Berry, in his letter, said state officials “worked with CMS in good faith to adopt an innovative program to deliver coverage to a new category of individuals while helping them build important skills and become more independent and self-reliant.”
The Berry letter said Georgia officials had agreed to allow virus-related exceptions to the requirements for coverage, and that the COVID-19 pandemic has now eased.
CMS officials could not be reached Wednesday for comment on the Georgia letter.
The Trump administration opposed the ACA, supporting lawsuits against it and congressional efforts to repeal it. CMS officials under Trump approved the Georgia waiver as an alternative to a standard Medicaid expansion.

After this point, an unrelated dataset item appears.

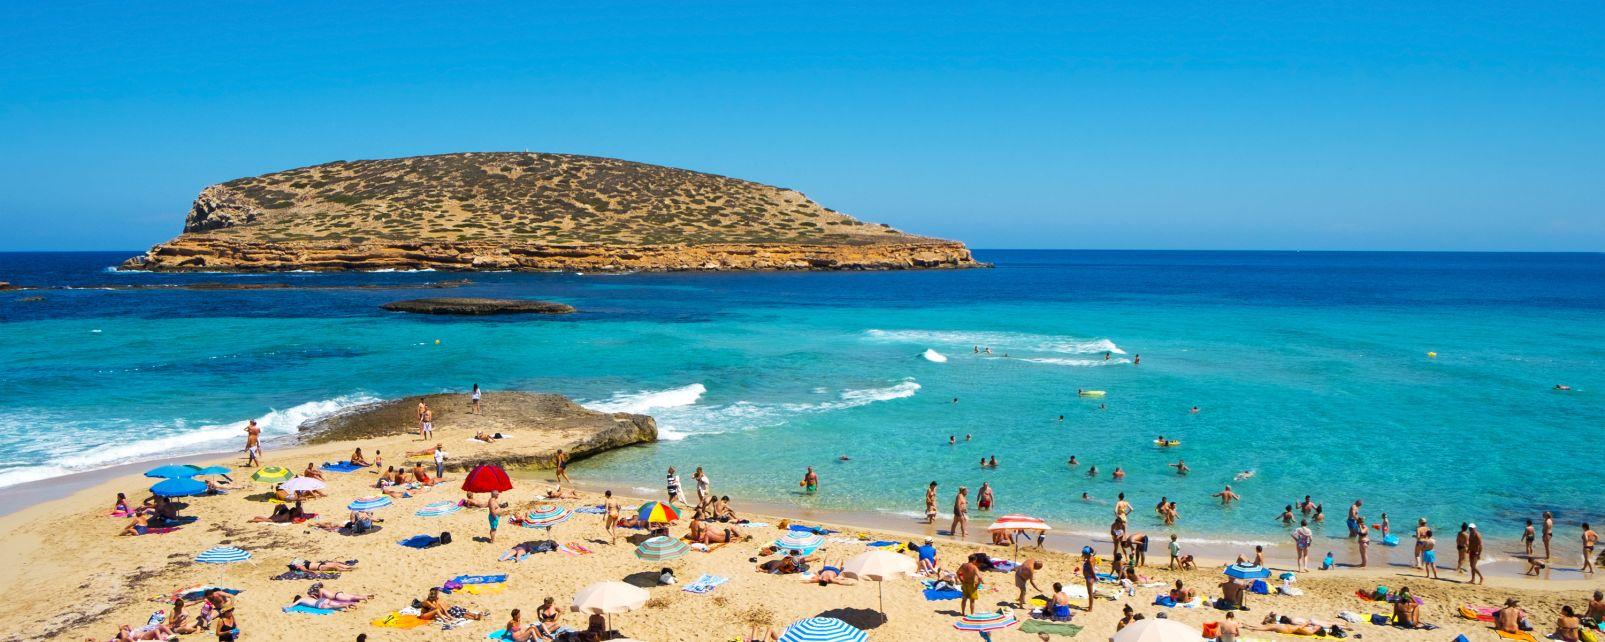 Ibiza, Le rive, Baleari

President Joe Biden, however, is a staunch supporter of the ACA, which became law while he was vice president.
Sweetening the offer
Georgia is one of 12 states that so far have chosen not to expand their Medicaid programs as outlined by the ACA. But the newly approved COVID-19 relief legislation gives those states enhanced financial incentives to adopt expansion.
States that expand the program at this point would receive an additional 5-percentage-point increase in their regular federal Medicaid matching rate for two years. So over that time, even factoring in the costs of implementing expansion, Georgia would net $700 million under the new incentives, according to the Kaiser Family Foundation.

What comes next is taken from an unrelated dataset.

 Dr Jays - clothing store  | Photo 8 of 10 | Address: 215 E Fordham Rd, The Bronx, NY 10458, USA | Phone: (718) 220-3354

The Kemp waiver plan, as outlined now, is much less ambitious. It would cost $75 million for the first year and cover just 31,000 low-income adults, according to the consumer advocacy group Georgians for a Healthy Future. The federal match under the Kemp waiver plan would be the regular 67% of the cost.
A standard expansion would give Medicaid eligibility to 480,000 to 600,000 people in the state, said Laura Colbert, the group’s executive director.
“Medicaid expansion has always been the moral and cost-effective choice for Georgia,” she said recently. The new incentive package, she said, “just amplifies that choice.”
Democrats, including Georgia’s newly elected U.S. Sens. Jon Ossoff and Raphael Warnock, have pointed to the state’s potential gains under Medicaid expansion, including helping hospitals and other medical providers.
“If Georgia does not expand Medicaid,” Warnock recently told The Atlanta Journal-Constitution, “then we are literally leaving money on the table that could save the lives of Georgians.”
Andy Miller is editor and CEO of Georgia Health News.